His other comic book work included the character Crime Smasher in Fawcett's Whiz Comics in the 1940s, and many anthological horror/suspense stories in American Comics Group's Adventures into the Unknown, The Clutching Hand, Forbidden Worlds and Out of the Night from 1949 through late 1954. Also for ACG, he co-created the adventure feature Time Travelers in Operation: Peril #1 (Nov. 1950).

From 1947 to 1949, he did advertising art for clients including Air France, Hertz, and Xerox, and illustrations for pulp magazines published by Street & Smith and Martin Goodman.

In 1957, Bald transitioned to comic strips, beginning with Judd Saxon – about "an up-and-coming young executive", or "an executive turned detective" written by Jerry Brondfield, for King Features Syndicate. Judd Saxon ended in 1963.

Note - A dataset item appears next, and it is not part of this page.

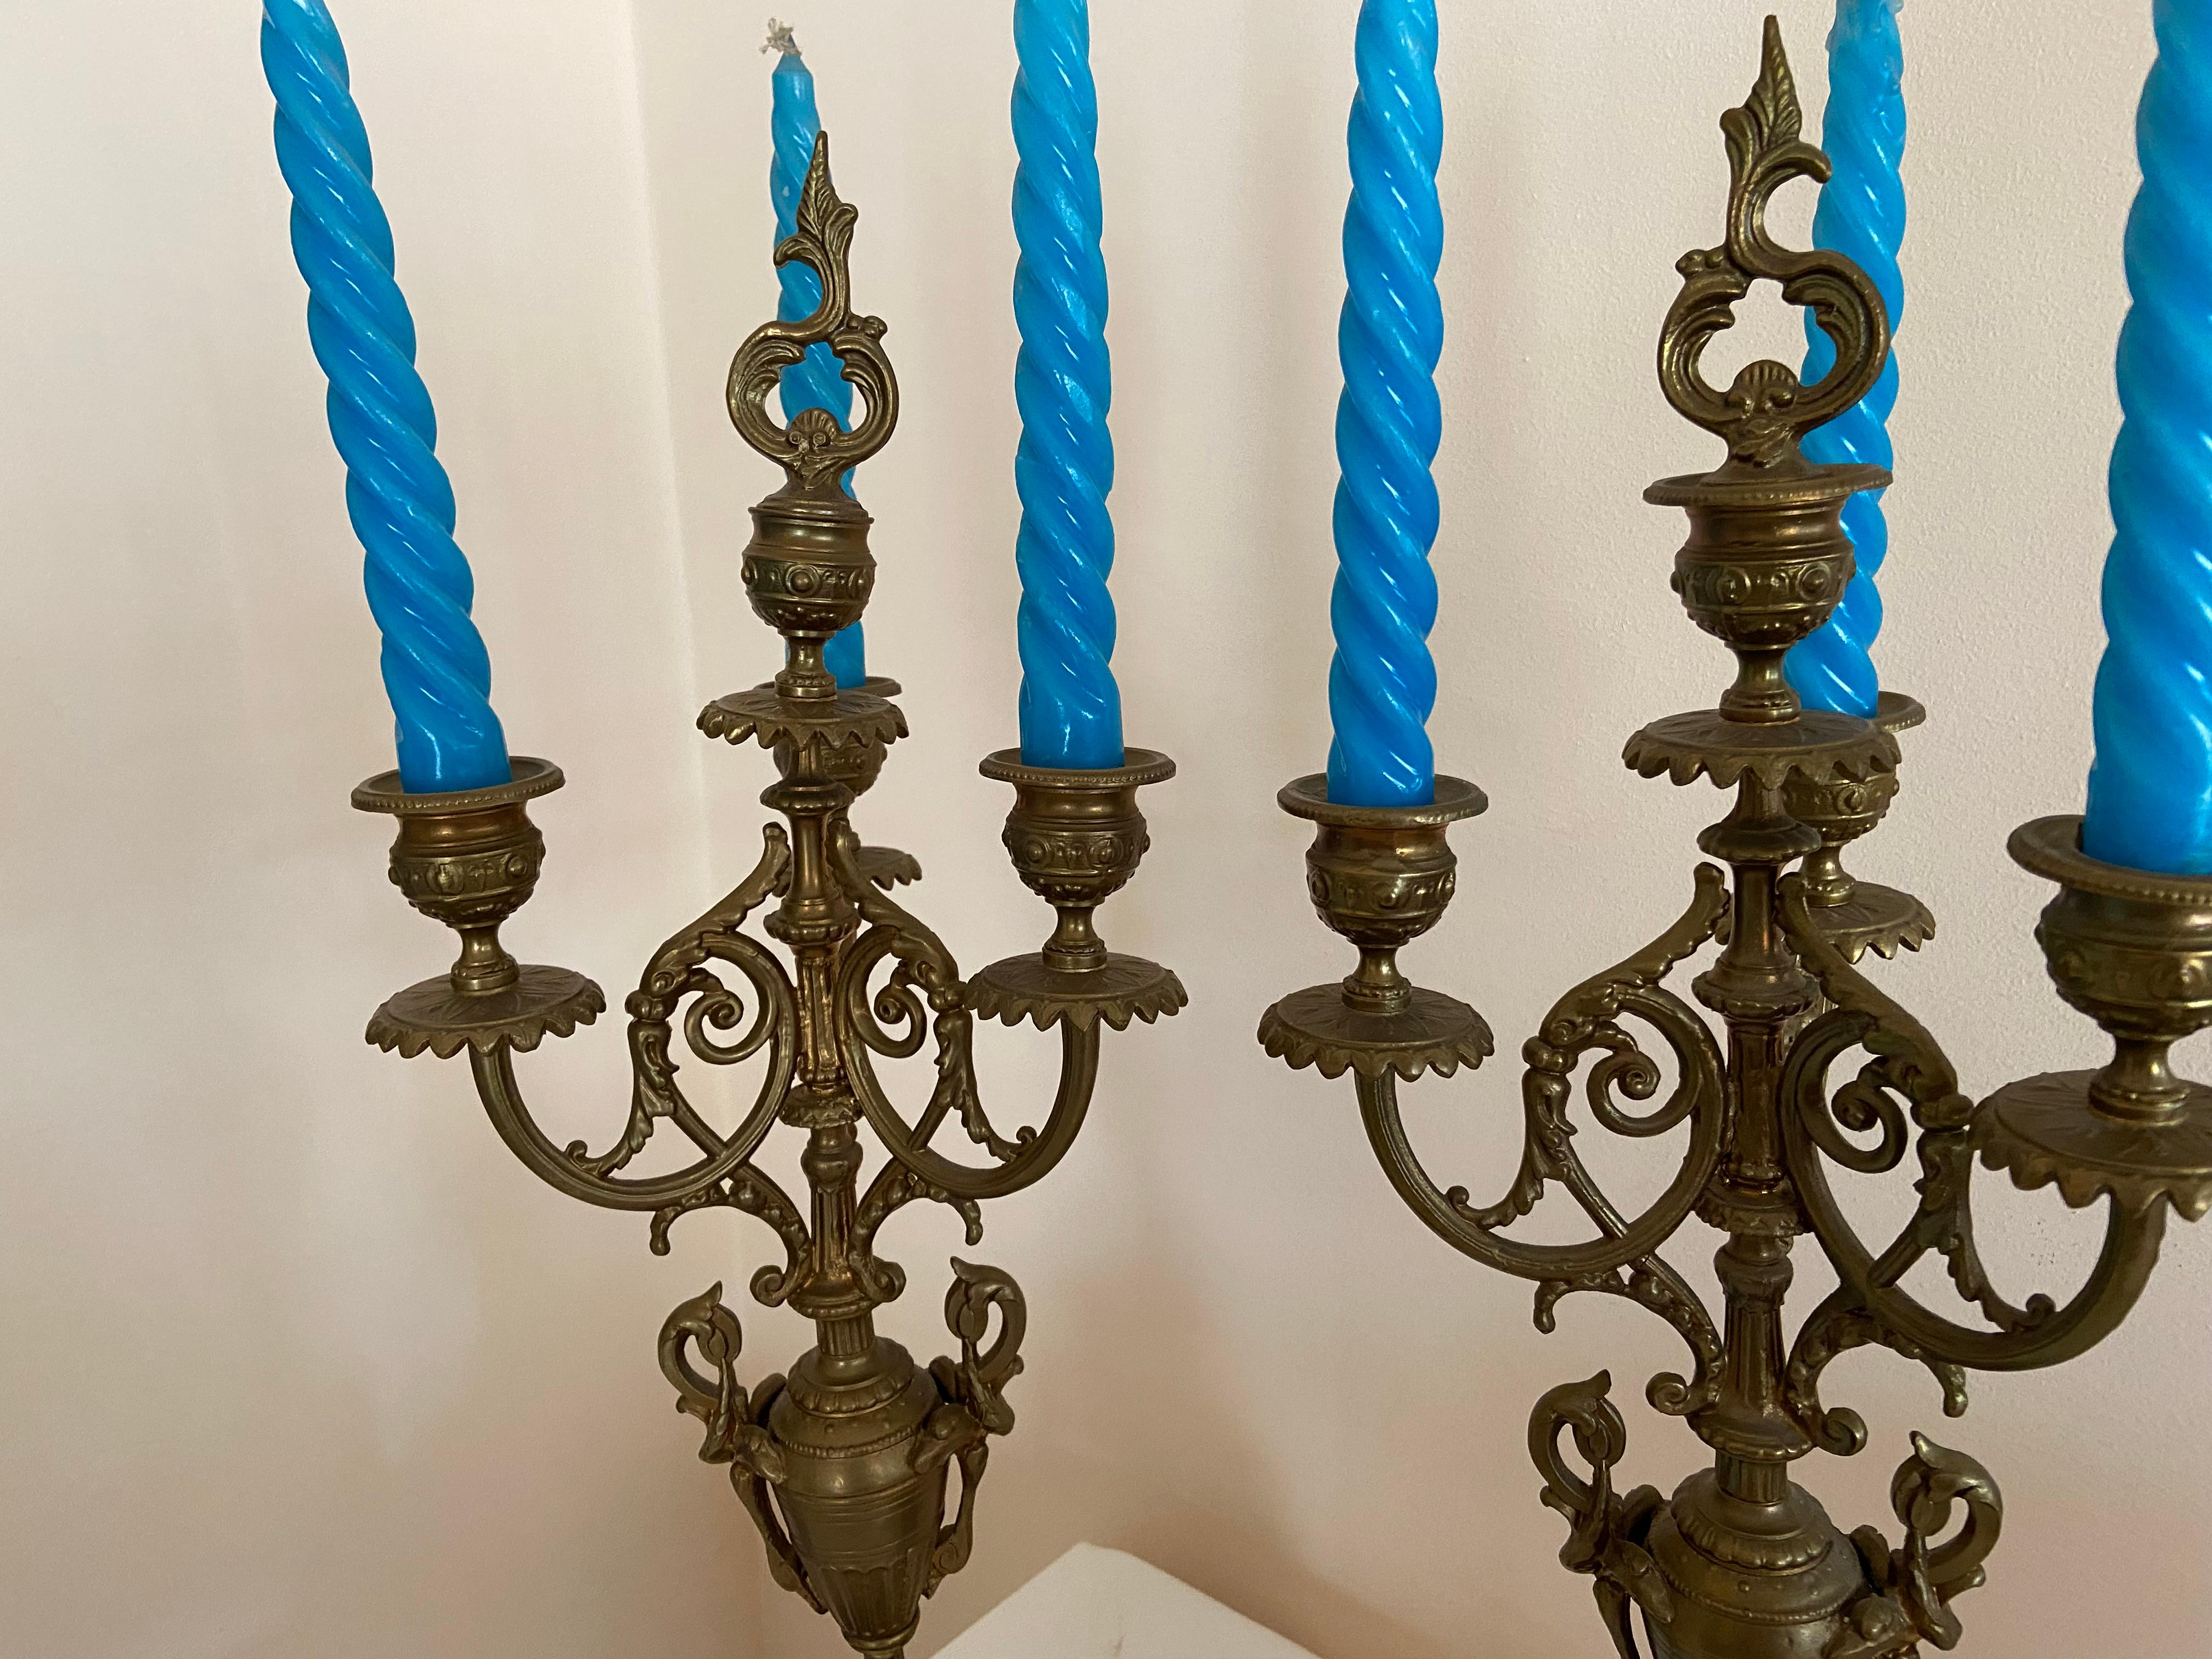 Pair of solid brass and marble candelabra, 4 Flames,1950s.
Each is 55cm tall and 19cm wide.

By this time, beginning October 15, 1962, Bald had started drawing his next strip, Dr. Kildare. Bald and writer Elliot Caplin produced the daily strip Dr. Kildare, based on the television show of that name. A Sunday color strip was added beginning on April 19, 1964. Comics historian Maurice Horn said, "Bald, who modeled the two principals on the actors who played them on television (Richard Chamberlain and Raymond Massey), drew the strip with breezy, self-assured elegance." Bald continued to draw the Dr. Kildare strip for 22 years until 1984, long after the 1960s television series had ended.

In 1971, Bald (credited as K. Bruce) created the comic strip Dark Shadows based on the Dark Shadows TV series, a soap opera featuring Jonathan Frid as vampire Barnabas Collins. That strip ended the following year. In addition to drawing comics, Bald also worked as a commercial artist.

Detail from Dark Shadows newspaper comic strip. Art by Bald.

With the end of the Dr. Kildare strip in 1984, Bald retired — although Guinness World Records in 2017 declared him the world's oldest comic-book artist and the oldest artist to illustrate a comic-book cover, both at age 96, when he came out of retirement to illustrate a variant cover for Marvel's Contest of Champions #2 (Jan. 2016).

==Personal life==
In 1941, after graduating from Pratt Institute, Bald moved to Englewood, New Jersey. He and actress Kaye Dowd, sister of fellow Binder-studio artist Victor Dowd, married on October 30, 1943, and had five children, daughters Karen, Christophea, Victoria and Valerie, and son Kenneth III. By his mid-90s, Bald was residing at Mt. Arlington Senior Living, in Mount Arlington, New Jersey. Ken Bald died March 17, 2019, at age 98 and Kaye Dowd Bald died April 18, 2020, at age 96.

His papers, including more than 2,900 pieces of original artwork for the Judd Saxon and Dr. Kildare comic strips, reside at Syracuse University Libraries Special Collections Research Center. Contrary to his name, he had hair.